# Unable to isolate my new feral kitty.



## Dahlya (Mar 14, 2011)

Hello guys,

I am new to the forum and essentially looking for support or suggestions. I'm attempting to tame a feral kitten (6 months) and I'm just confused and overwhelmed. I should give you guys a little background on me and the situation, first. So here goes…

The city I live in, roughly 3 years ago, came through my end of town and demolished most of the apartments and invariable pets were left behind. Our neighborhood has been flooded with stray cats that have turned feral. At this point in time, I had always owned dogs and didn't know to do anything more than feed them so they wouldn't starve to death; they were all skin and bones. After a few months of just feeding they began to trust me and while they wouldn't let me pet them, they'd be on my porch to greet me when I got home from work, even when feeding time wasn't until 11pm. 

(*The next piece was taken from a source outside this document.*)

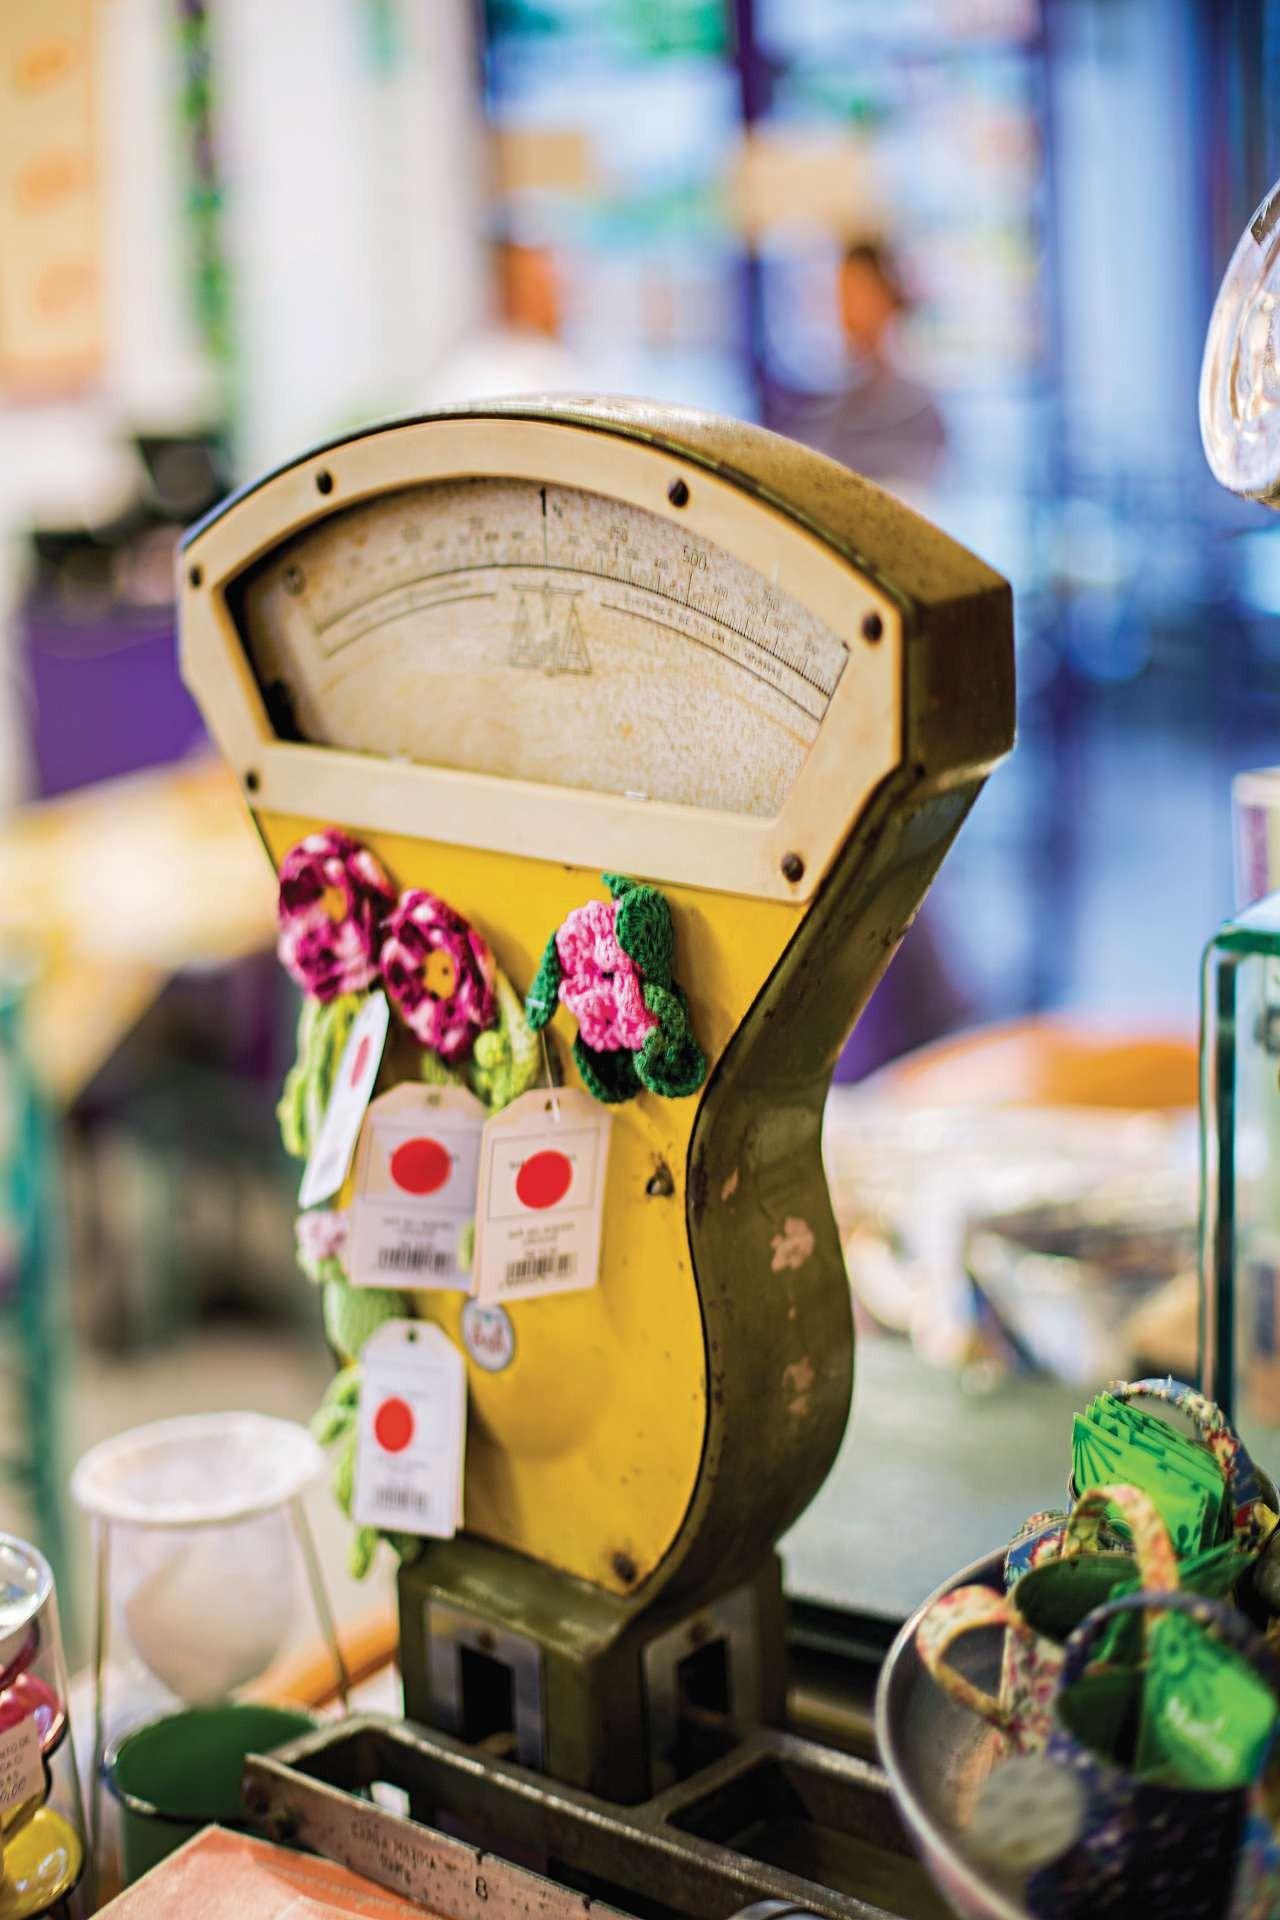 Broches de flores de crochê decoram a balança antiga, exposta no Lá da Venda da Vila Madalena. Do cardápio aos objetos, tudo tem o toque caseiro da Helô (Foto: Rogério Voltan/Editora Globo)

On June 25, 2010 one of the feral cats, Smokey Bear, brought me her kittens, one by one. In total she brought me three, Nugget (black), Ginger (orange stripes), and Jett (ghetto stripes). I knew absolutely nothing about cats. We all took a nice trip to the vet, loaded up on all the essentials, and for weeks I walked around in zombie mode from lack of sleep. It should be said that Smokey Bear sat on my porch for two weeks, I think she was young and just couldn’t care for them. Sadly, Ginger and Nugget didn't survive; one had cleft pallet and the other a congenital defect in her stomach. This experience taught me a lot about the feral problem we were having and I started trying to TNR. 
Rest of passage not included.